Doug did not seem to have any romantic intentions. So they merely shook hands, and then he headed down the tunnel toward his own quarters. She dreamed about him that night. She dreamed she was a slender and graceful ballerina and he was hopelessly in love with her.

Almost everyone in Moonbase wore utilitarian coveralls with nametags pinned to their chests. Yet even though Brennart wore a one-piece jumpsuit just as most others did, he needed no nametag. Although he belonged to the exploration and research group, he insisted on wearing pure white coveralls, clean and crisp as if they had just been laundered and pressed, and decorated with shoulder patches and chest emblems from the dozens of missions he had undertaken during his years as an astronaut and lunar explorer.

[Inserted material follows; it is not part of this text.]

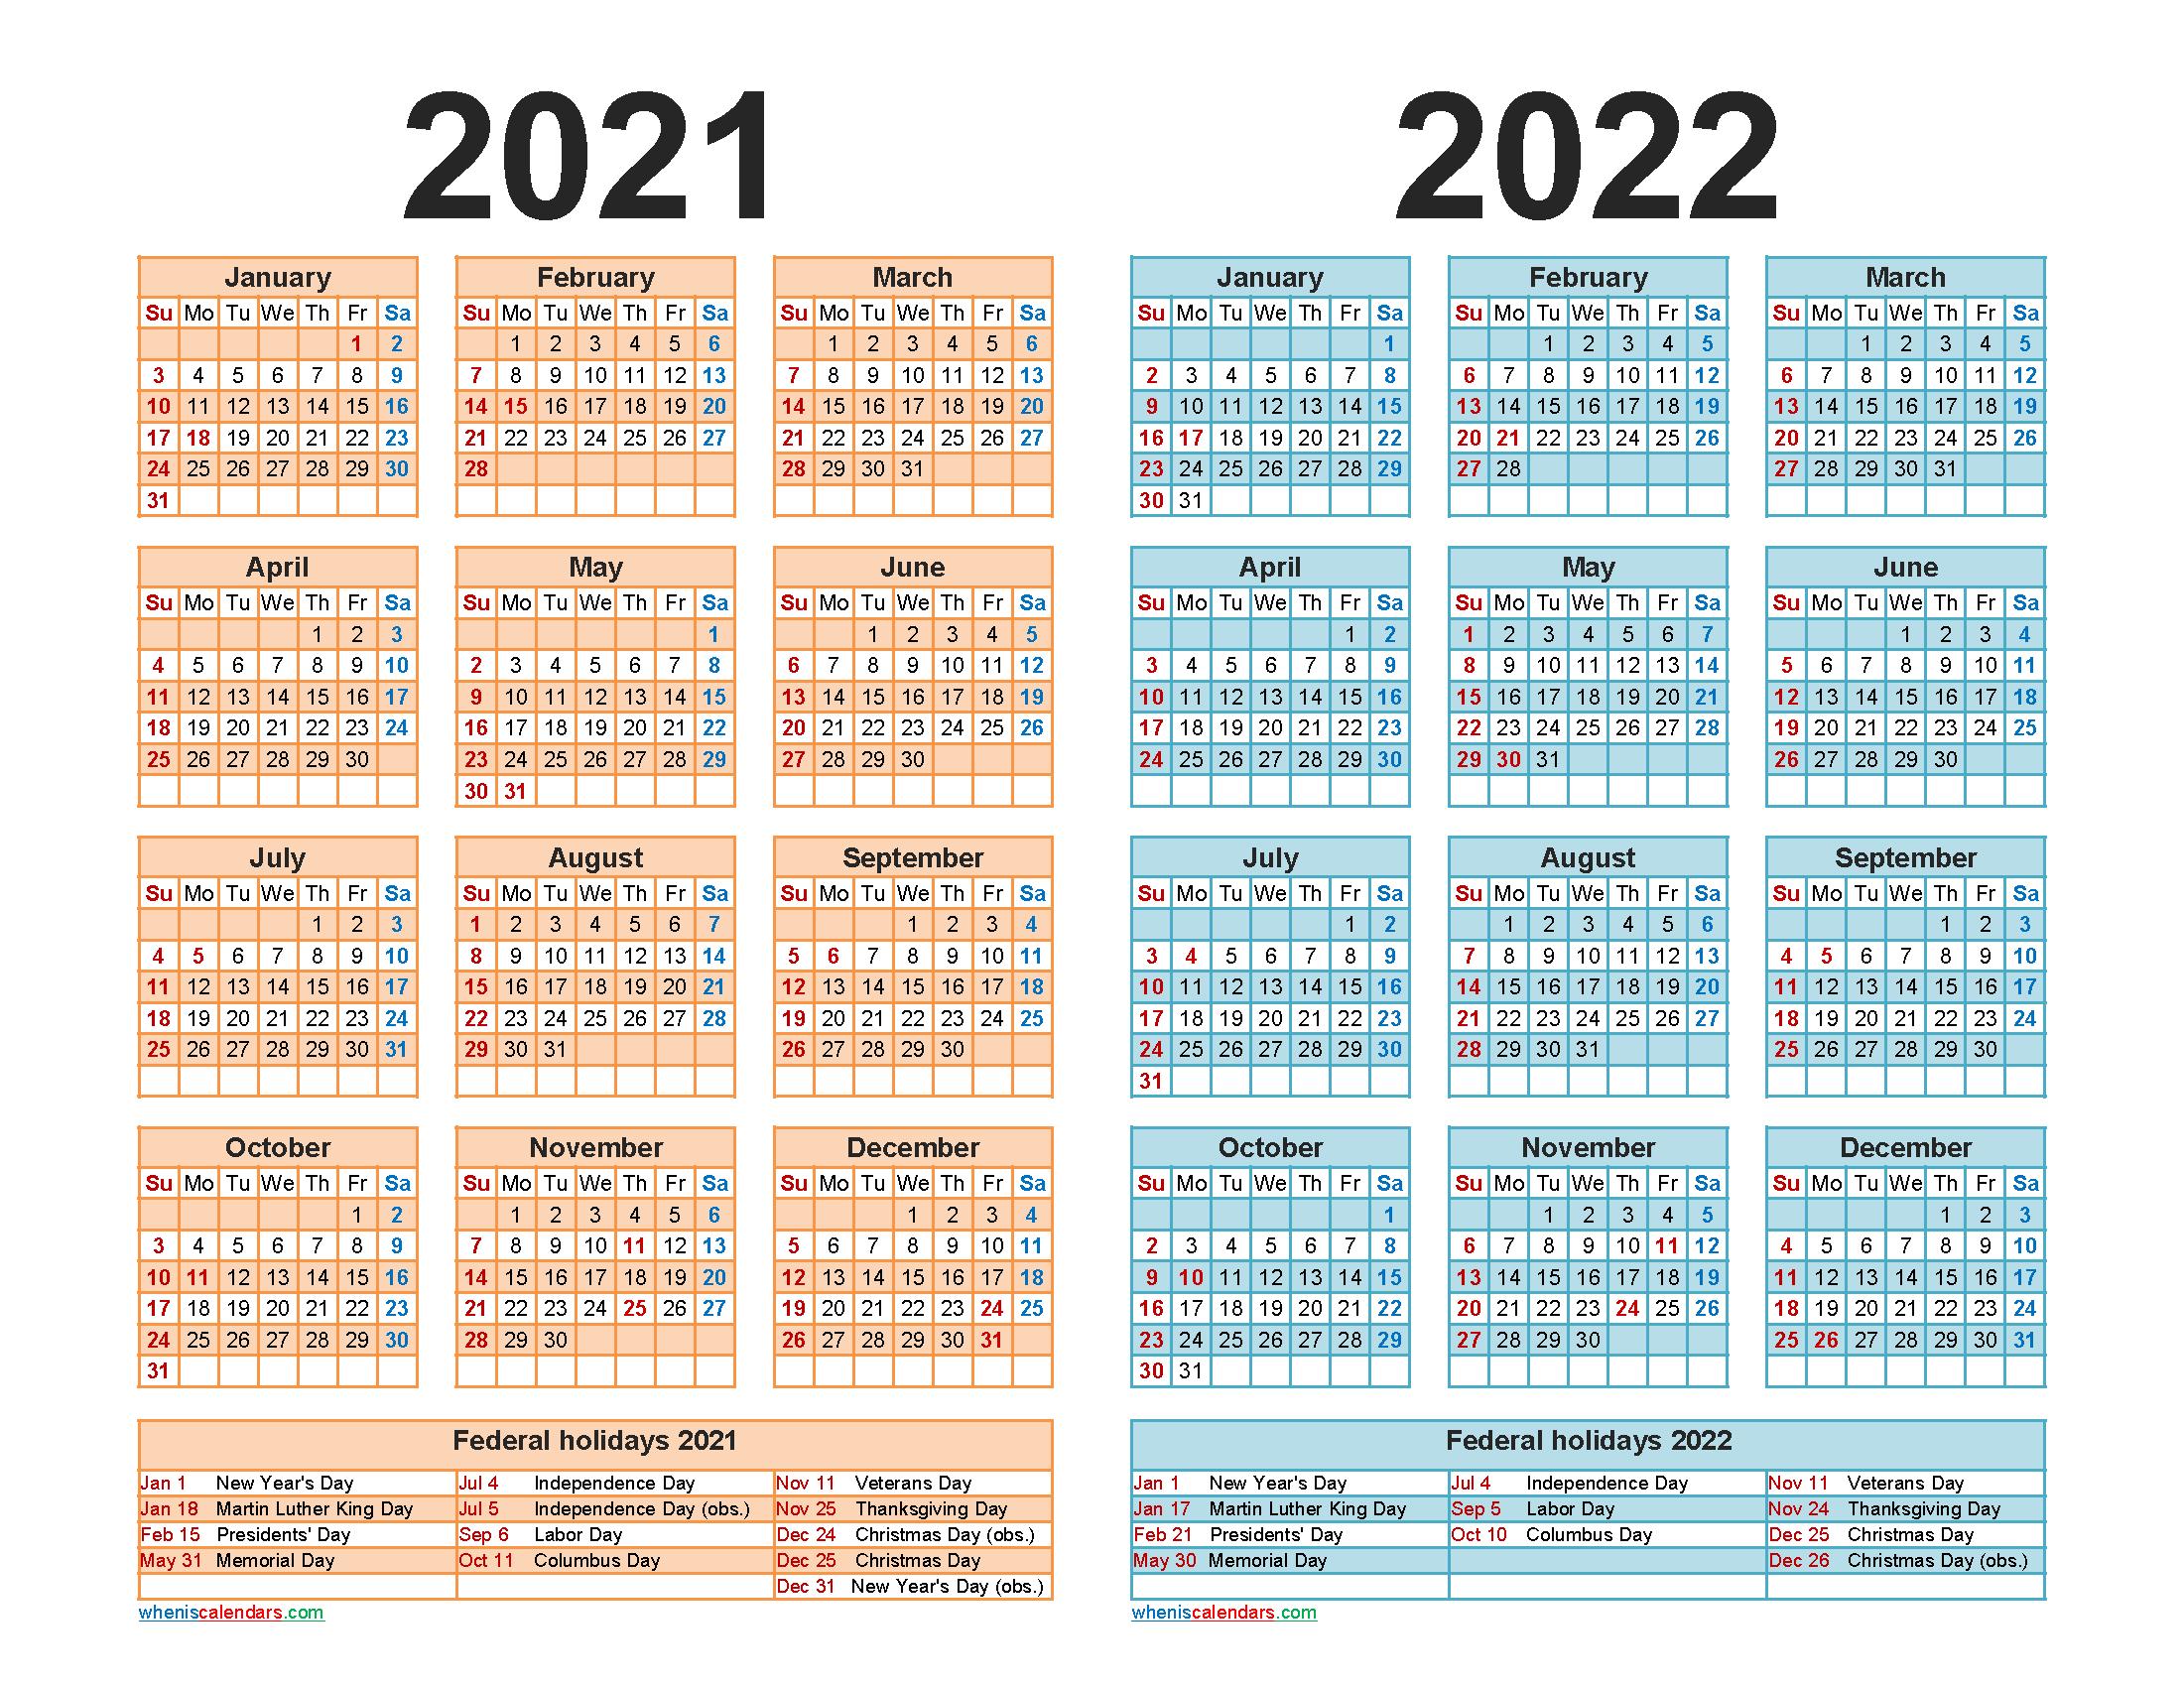 Free 2021 2022 Calendar Printable with Holidays

Doug Stavenger did not consciously think of Brennart as a father figure, but the older man’s single-minded drive to
establish a working base in the south polar region of the Moon impressed Doug forcefully.

“Do you really think Yamagata’s planning an expedition to Aitkin Basin, too?” Doug asked.

“No doubt in my mind about that,” said Brennart in his sweet tenor voice. “They’d be damned fools not to.”

It was the morning after the football game and Doug’s meeting Bianca Rhee. He and Brennart were hunched over a display table in Brennart’s workshop/office, studying the latest satellite photos of the Mt. Wasser area.

“After all,” Brennart went on, “we’re going out there, aren’t we? The Japanese are just as smart as we are. That’s why we’ve got to get there first. Like the man said, the side that wins is the one that gets there firstest with the mostest.”

Doug nodded as he straightened up. Brennart’s office was one of the largest rooms in Moonbase, but still it felt hot and cramped. Most of the equipment that jammed the office was already crated and ready to be loaded on the ballistic lobbers. Doug saw a rumpled cot in one corner and realized that Brennart was sleeping in this room, too.